# Task description:
Leave out every picture, and output exactly the lines from the line containing "Marine Digital Media" through the last line of the data.

# Data block:
↓↓↓

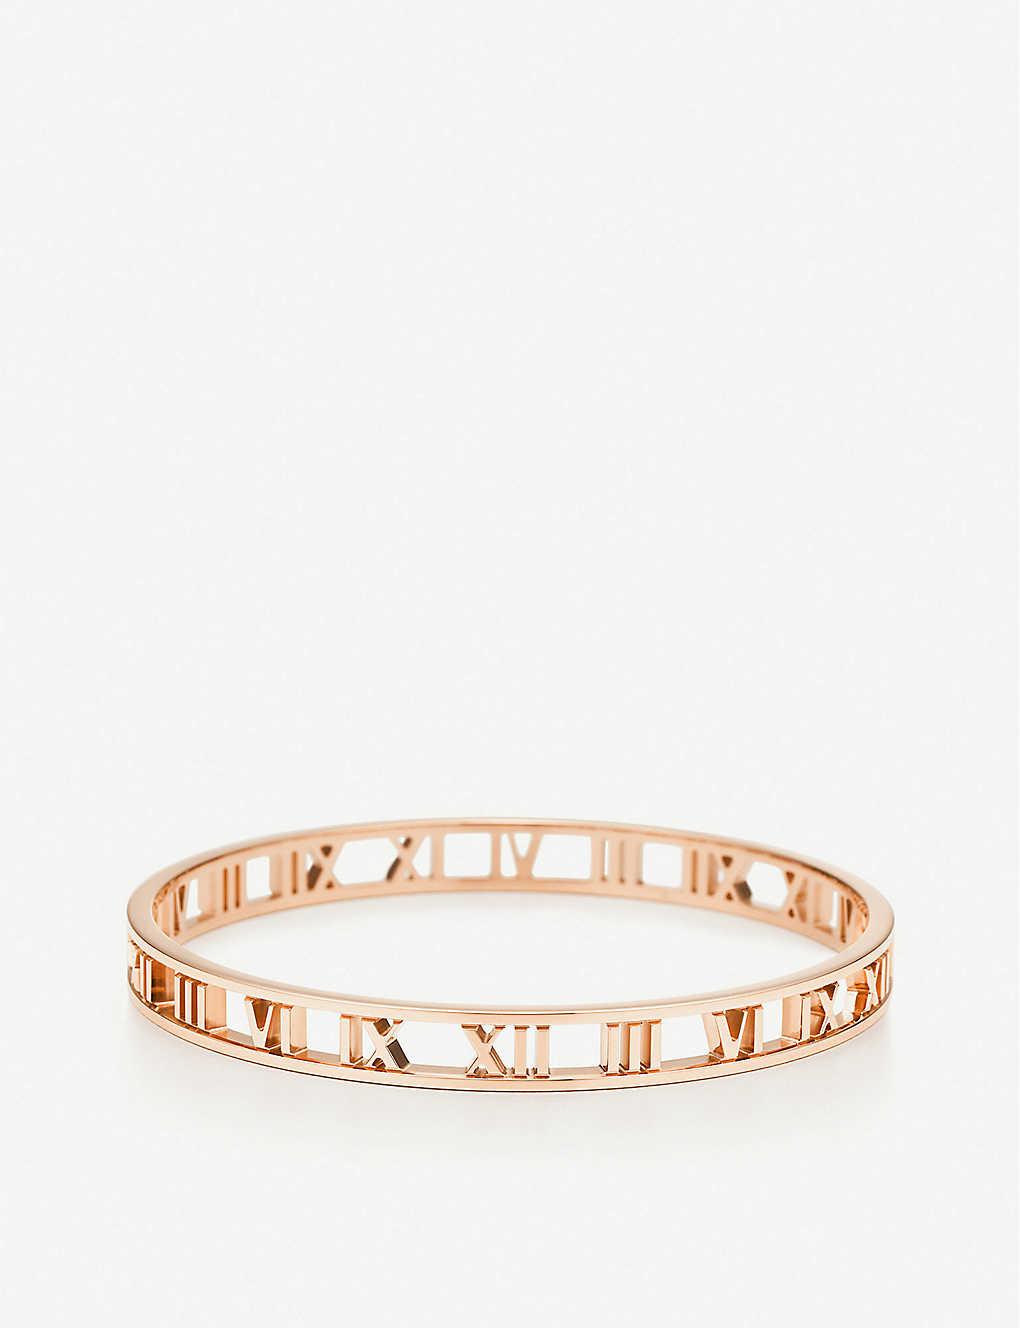 36c16db5b TIFFANY & CO - Atlas Roman numeral 18ct rose-gold narrow bangle ...
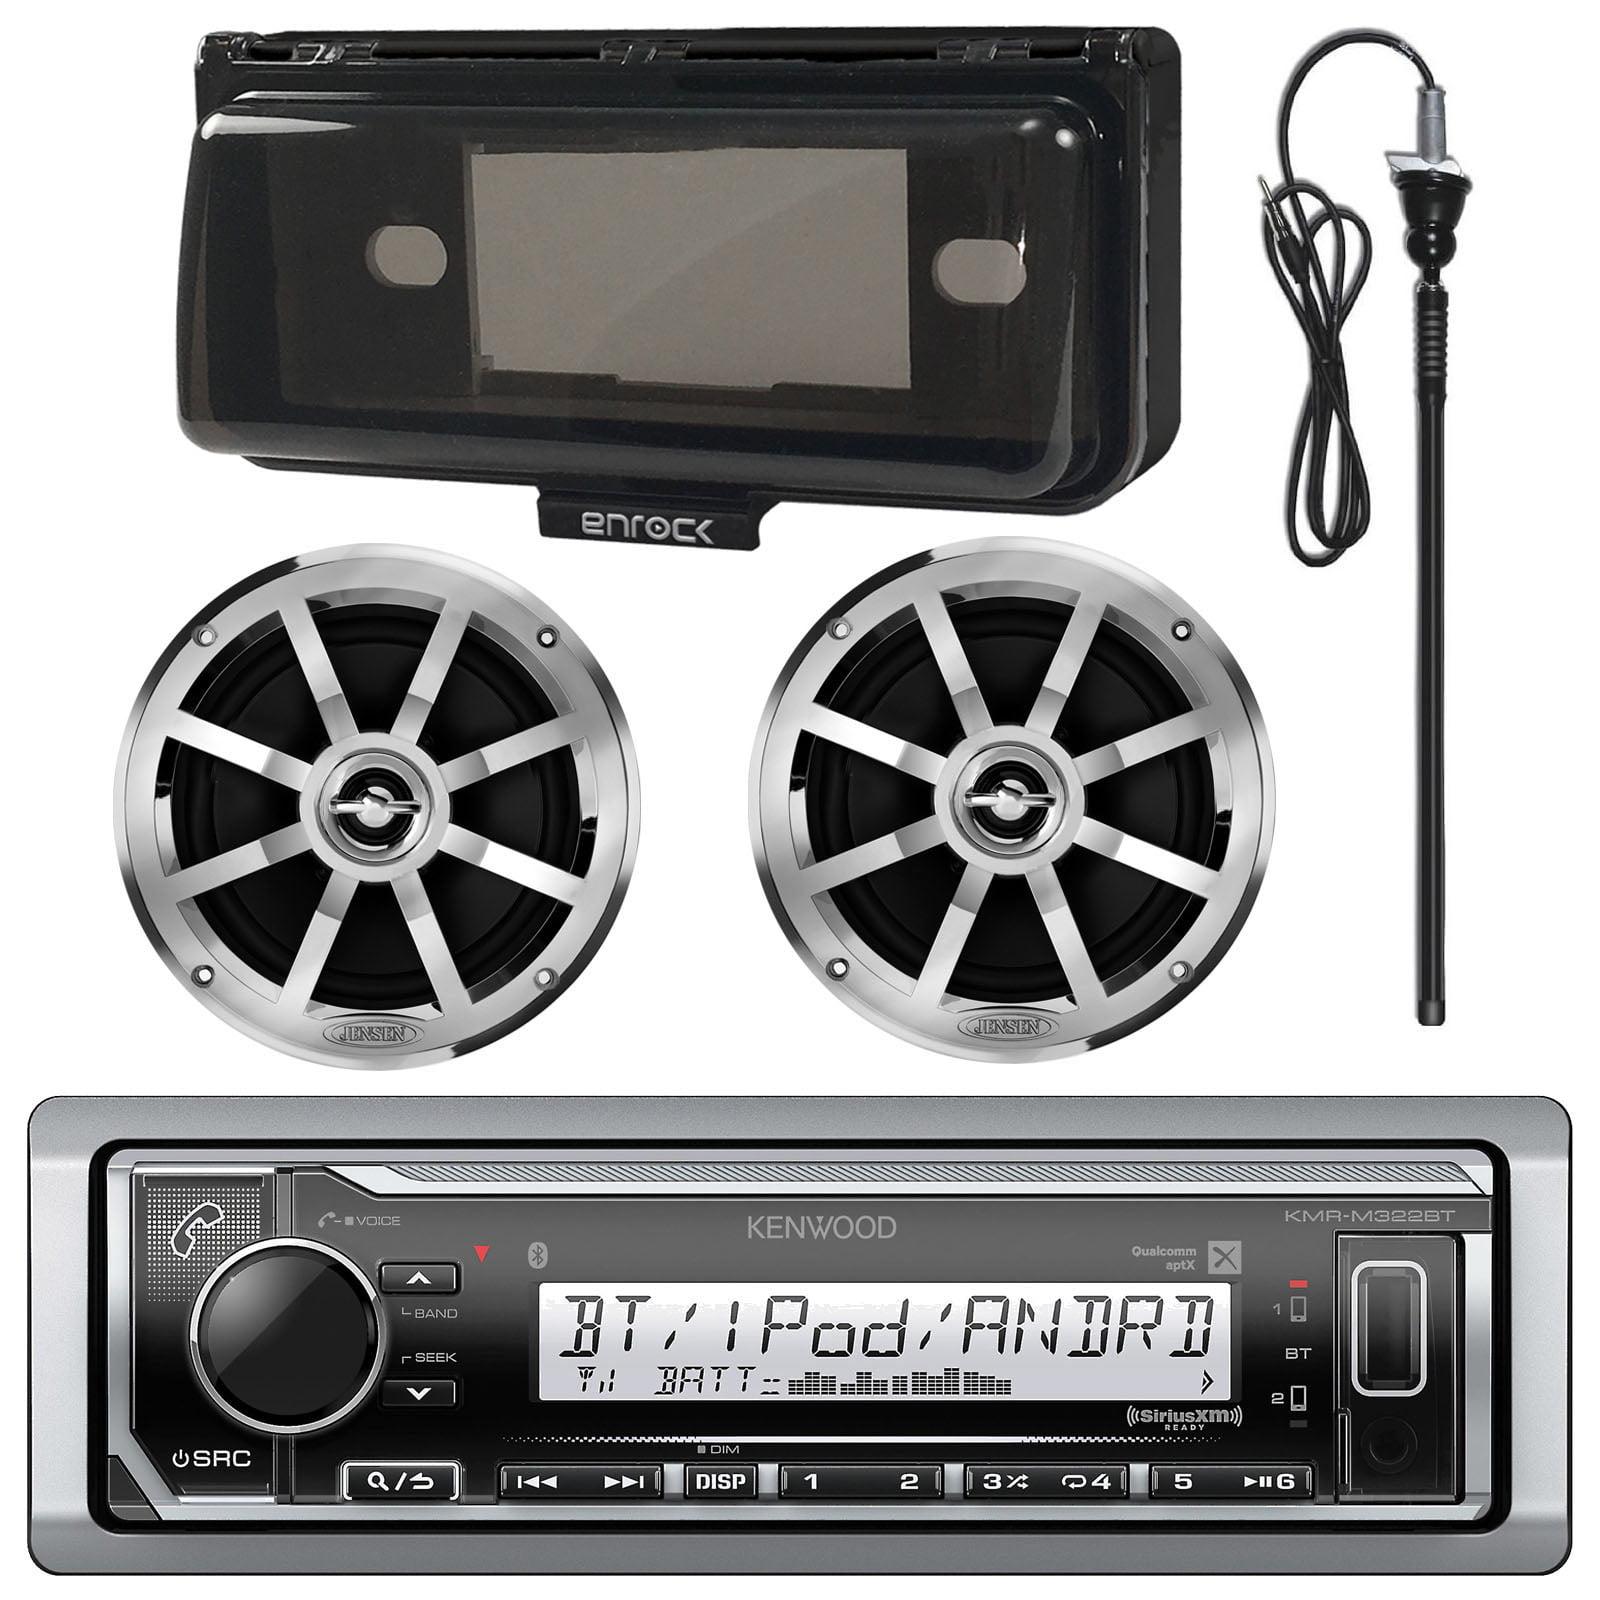 "Kenwood Marine Digital Media Bluetooth Receiver, 2x Jensen Boat 6.5"" Silver Speaker - Single, Enrock Marine Single Din Radio Dash Protector (Black), Enrock AM/FM Antenna (Black)"
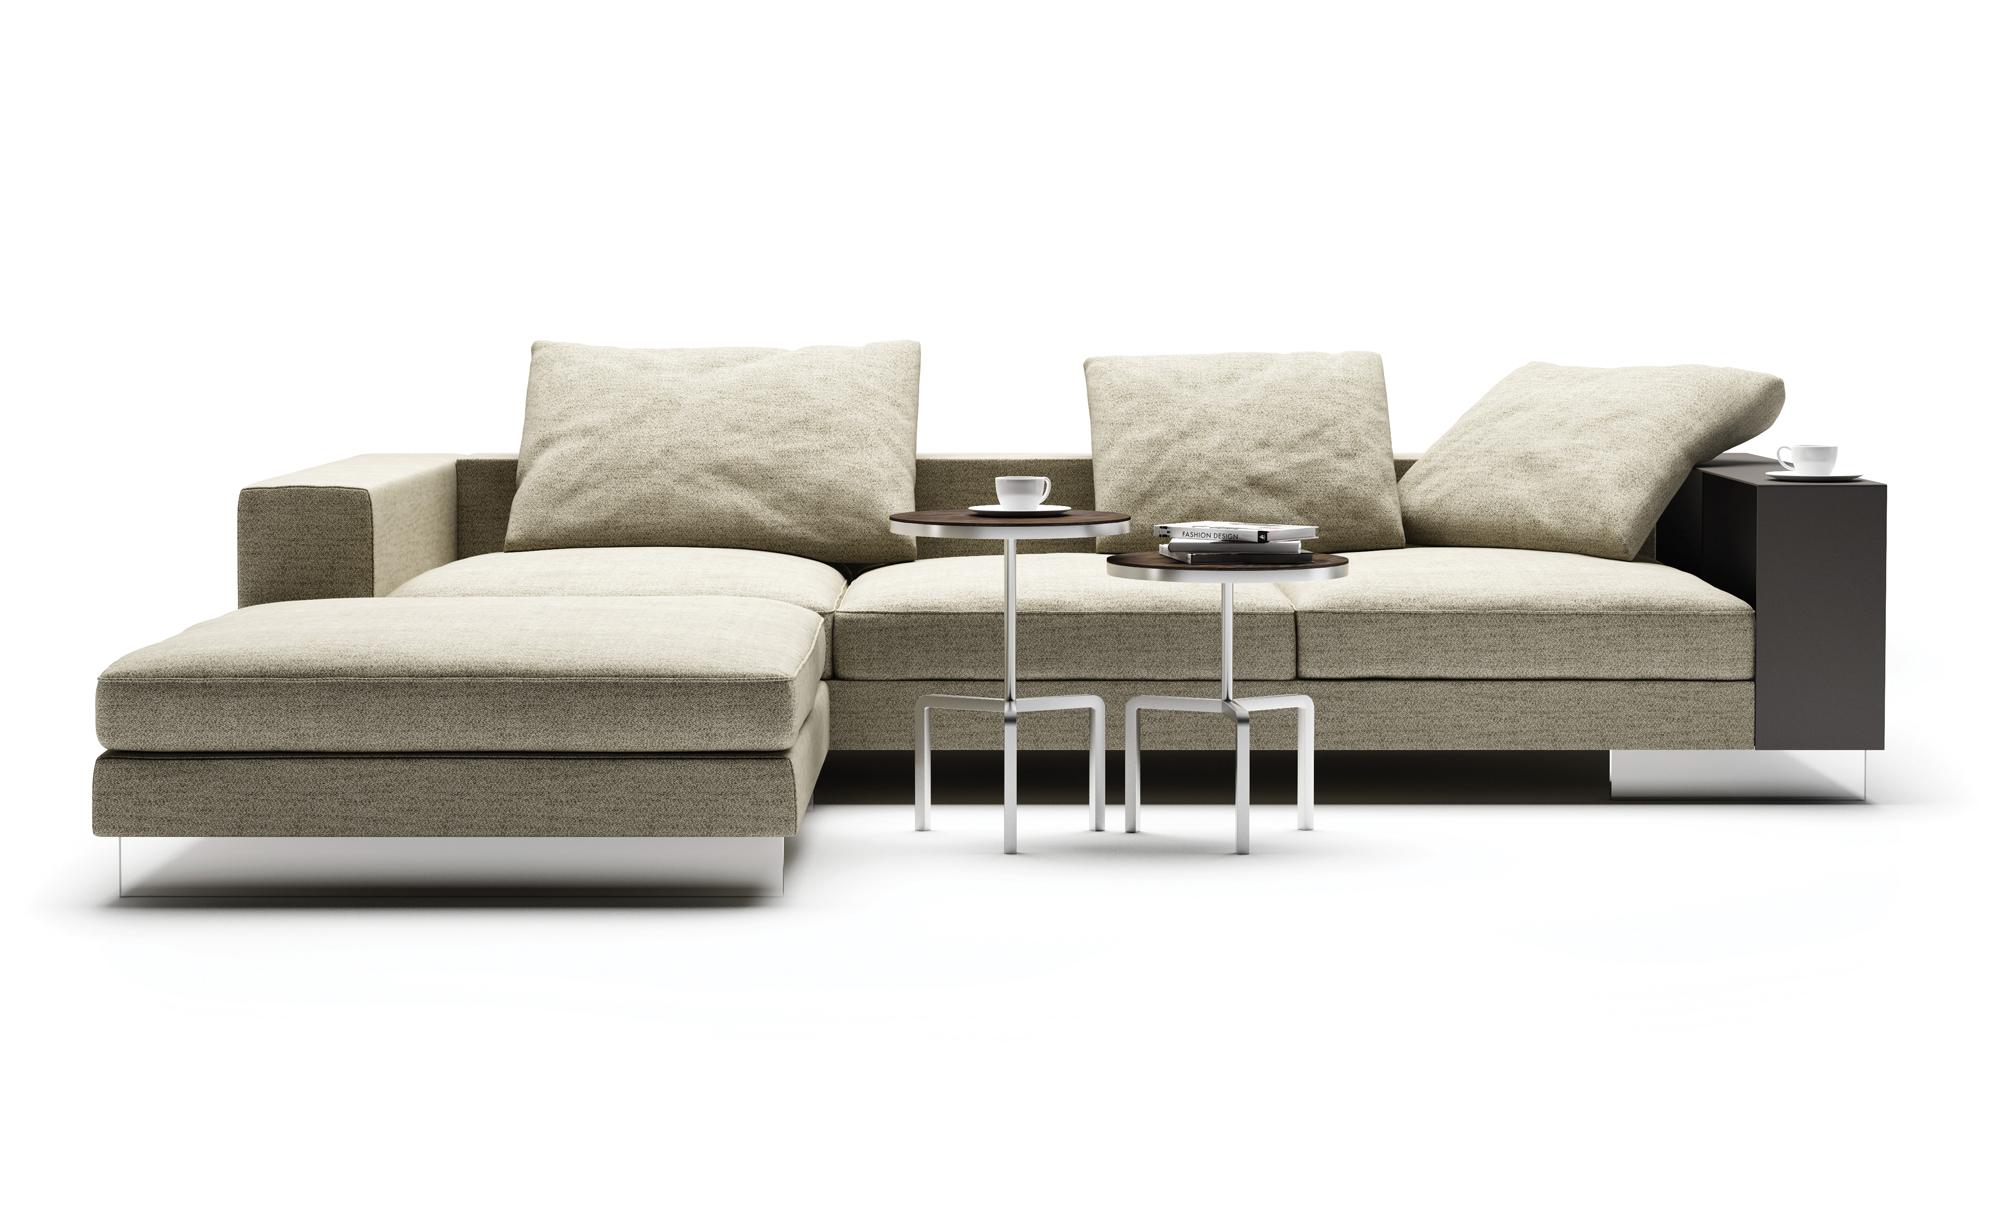 Lightpiece modular sofa Fanuli Furniture

↑↑↑

# Response to the task:
 "Kenwood Marine Digital Media Bluetooth Receiver, 2x Jensen Boat 6.5"" Silver Speaker - Single, Enrock Marine Single Din Radio Dash Protector (Black), Enrock AM/FM Antenna (Black)"
 Lightpiece modular sofa Fanuli Furniture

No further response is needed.